* WHAT YOU HAVE TO DO *
What is needed is an exact copy of the lines from the line holding "Revista Vbeda. AÃ±o" through the end of the material, with no other lines and no pictures.

━━━━━ SUPPLIED INFORMATION

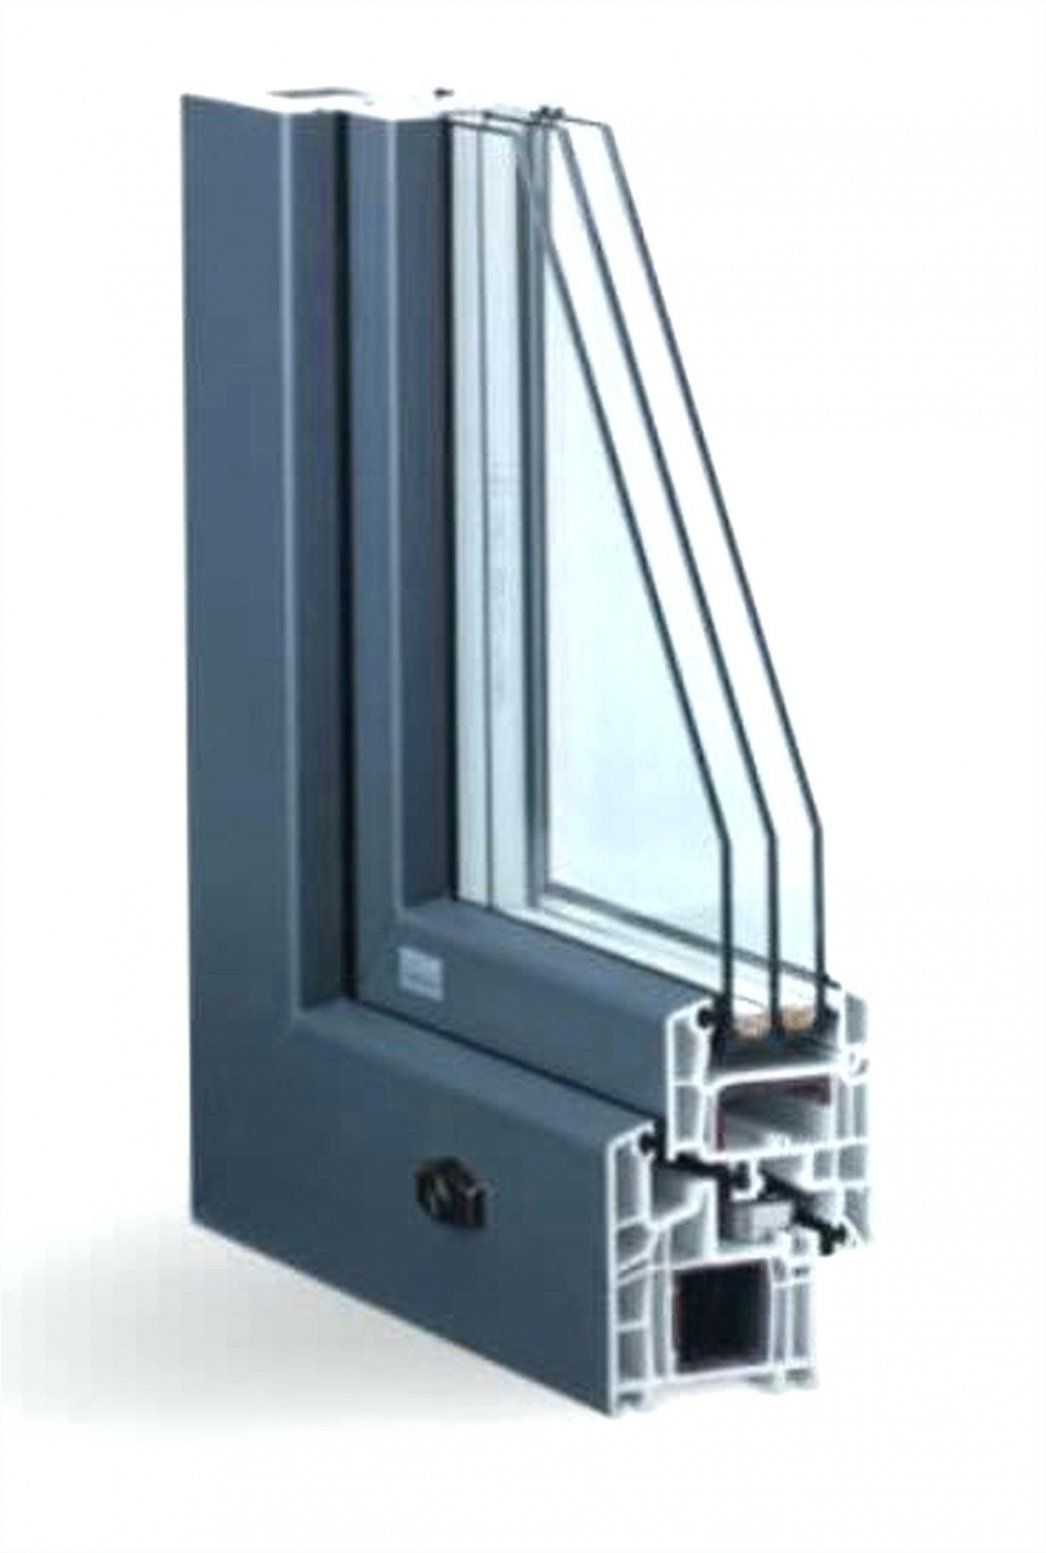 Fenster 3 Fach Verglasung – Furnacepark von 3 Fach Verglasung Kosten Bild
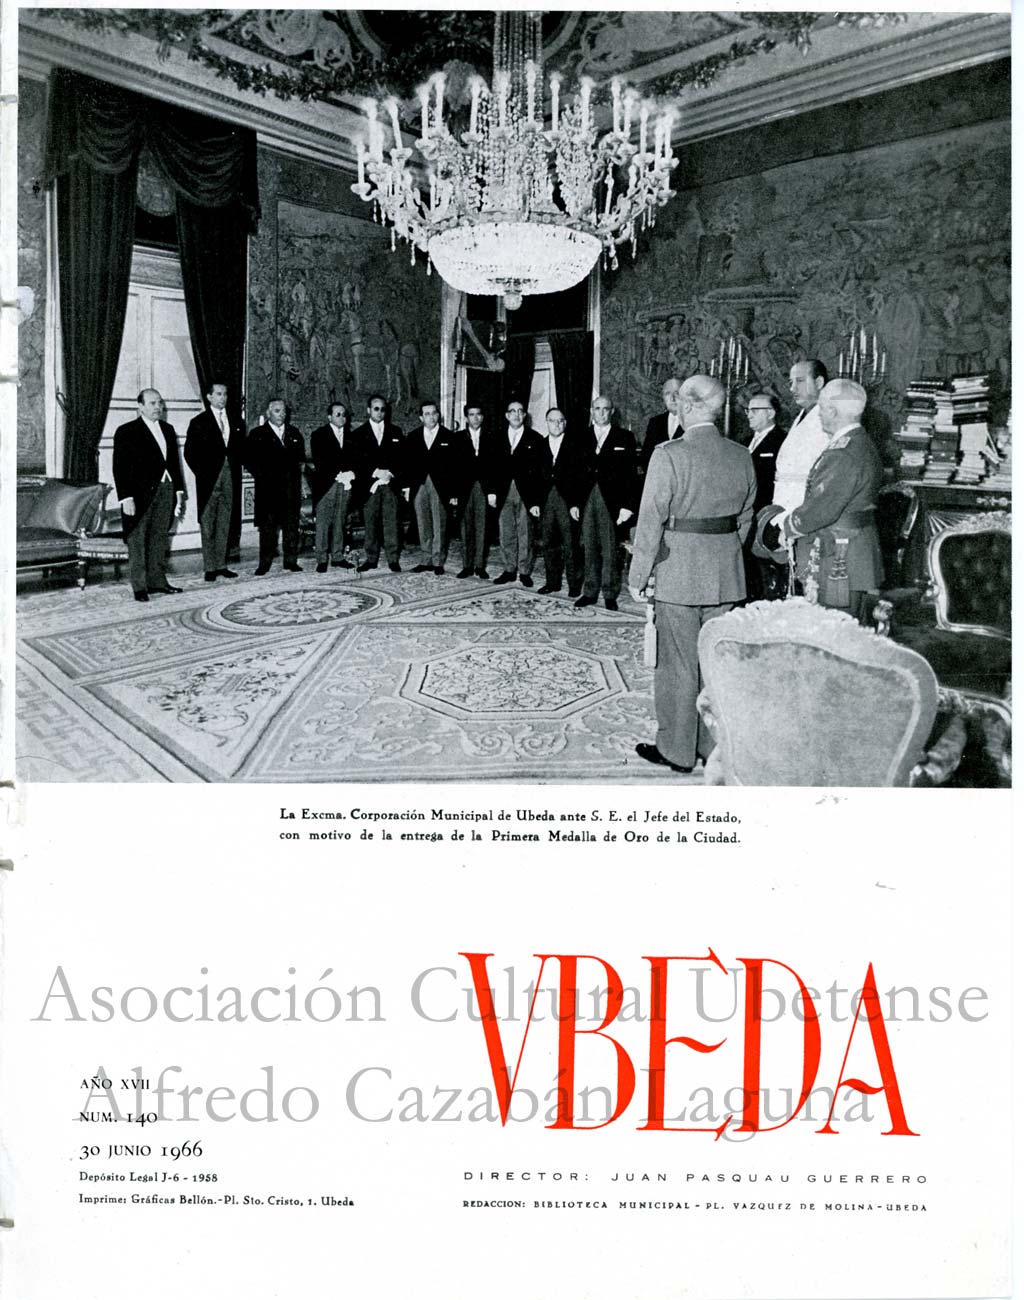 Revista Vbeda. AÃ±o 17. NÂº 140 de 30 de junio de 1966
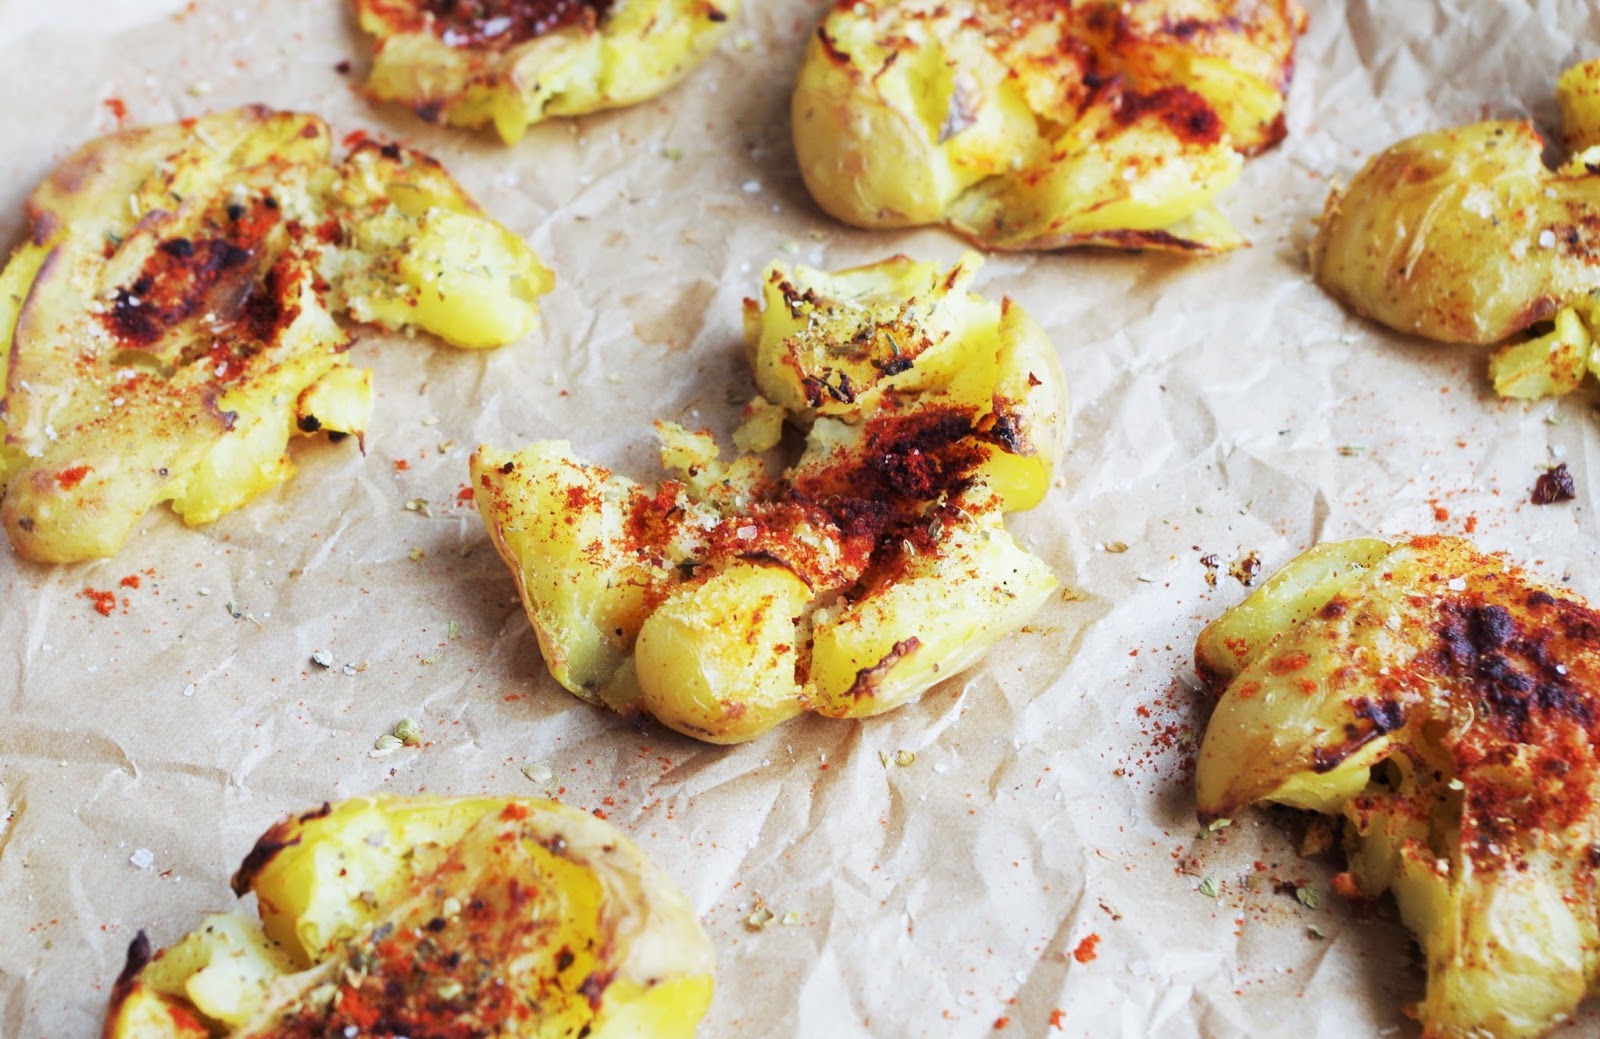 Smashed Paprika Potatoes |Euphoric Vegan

━━━━━━━━━━

* YOUR RESPONSE *
 Revista Vbeda. AÃ±o 17. NÂº 140 de 30 de junio de 1966
 Smashed Paprika Potatoes |Euphoric Vegan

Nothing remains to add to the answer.